After all task order folders are created in Drive, give the user clear delivery instructions.

> "Your task orders are ready in your project Drive folder — I've created [N] batches.
> Here's how to use them:
>
> **For each batch (start with Batch 1):**
> 1. Open the batch folder in Drive
> 2. Open `00_PROMPT.md` — copy the entire text
> 3. Paste it into [tool name] and attach the other three files from the folder
> 4. Submit it and let the tool work
> 5. When it returns three CSV files, bring them back here and say
>    'import the Finance results' (or whatever batch you just ran)
>
> You don't need to run all the batches before bringing results back.
> You can run Batch 1, bring the results to me, then run Batch 2. I'll
> review and refine the rules as each batch comes back.
>
> Which batch do you want to start with?"

---

## Phase 7 — Update _status.md

After all task orders are generated, update `_status.md`:

```
Last Updated: [timestamp]
Last Agent: Claude (CoWork) — handoff skill
Phase: Handoff in progress
Last Completed Step: [N] task order batches created in Drive Task Orders folder.
Pending Work: User delivering batches to [tool name]. Return results via import skill.
Handoff Target: [tool name]
Notes: Batches created: [list batch names]. Each returns 3 CSV files to import.
```

---

## Batch Size Reference

| Condition | Action |
|---|---|
| Top-level category ≤ 8 labels AND ≤ 500 messages | One batch |
| Top-level category > 5 sublabels OR > 500 messages | Split into sub-batches |
| Never more than 8 labels per batch | Split further |
| Never more than ~1,000 messages per batch | Split further |
| Notifications + Personal + low-volume misc | Group together |

---

## Embedded Template: Rule ID Format

```
Gmail filter rules:   GF-[CATEGORY]-[SUBCATEGORY]-[DESCRIPTOR]
                      GF-FINANCE-AMEX-STMT
                      GF-CLIENT-RESELLER-ACME-PARTICIPANT
                      GF-VENDOR-SHIPPING-FEDEX

Apps Script rules:    AS-[CATEGORY]-[DESCRIPTOR]
                      AS-DOC-STEP-FILE
                      AS-FINANCE-VENDOR-INVOICE-PDF
```

Category abbreviations to use in rule IDs:
```
FINANCE / VENDOR / CLIENT / OPS / DEV / SALES / TRAVEL / NOTIF / SUPPORT / DOC / PERSONAL
```

---

## Safety Rules (Cannot Be Overridden)

1. No Gmail mutations. This skill creates Drive files only. It does not touch Gmail.

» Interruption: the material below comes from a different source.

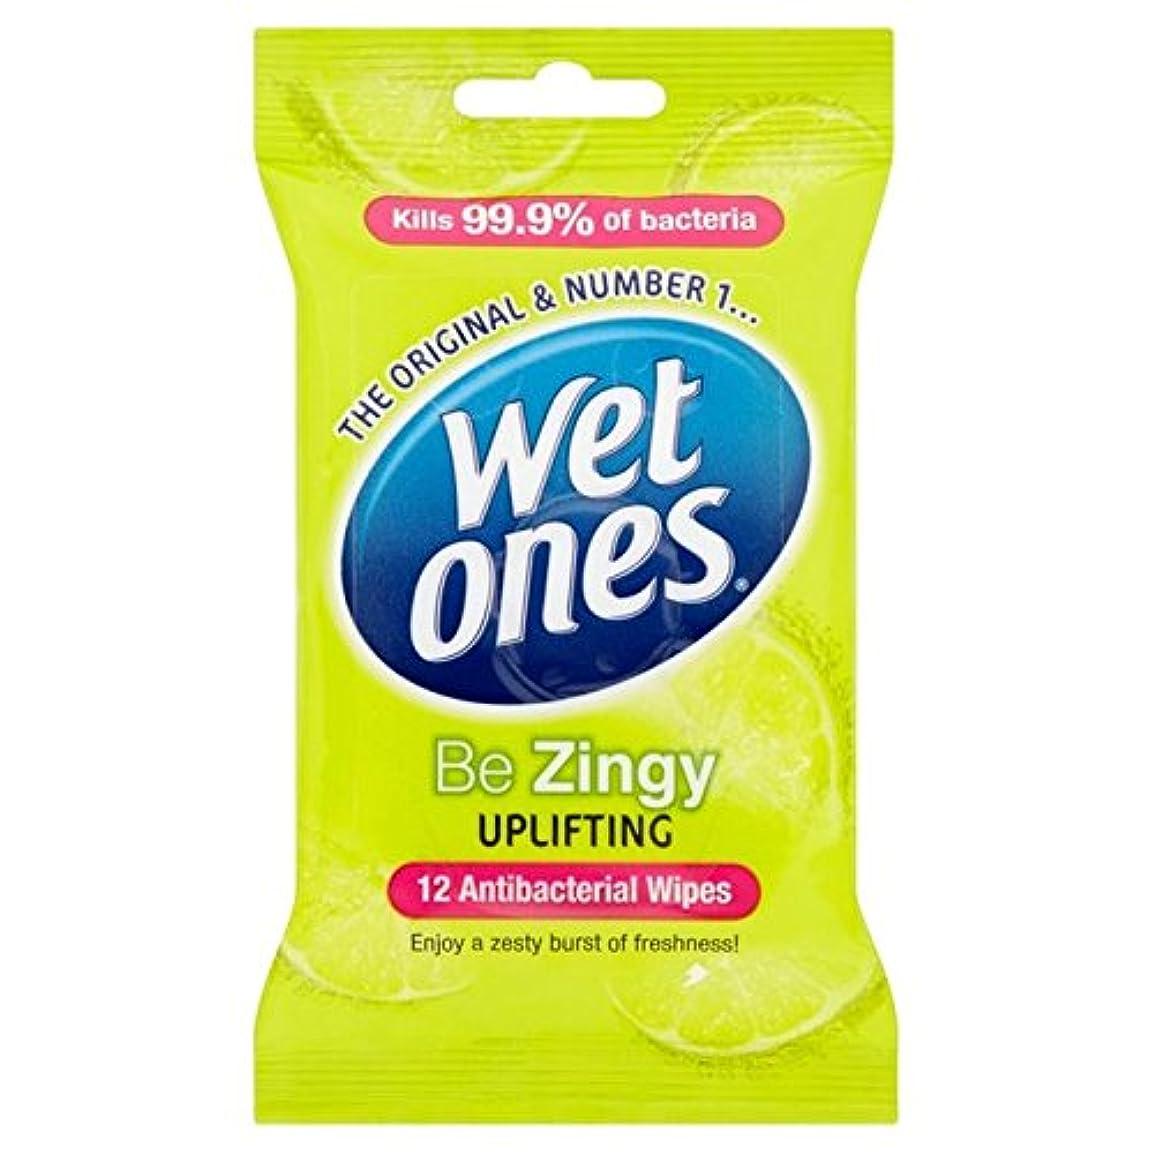 インサート幾何学に付ける抗バクテリアをクレンジング湿ったものはパックごとに12ワイプ x2 - Wet Ones Cleansing Anti Bacterial Wipes 12 per pack (Pack of 2) [並行輸入品]

2. Always confirm the tool has Gmail access before generating task orders. If access
   is uncertain, stop and redirect to an AI expert in the org.

3. Never skip the sanity check. If survey artifacts are missing, redirect to survey.

4. Task orders are reviewed by Claude before anything goes to Gmail. Import skill
   brings results back to Claude. Deploy skill executes. Nothing is automatic.

5. The subcontractor proposes. Claude decides. Always.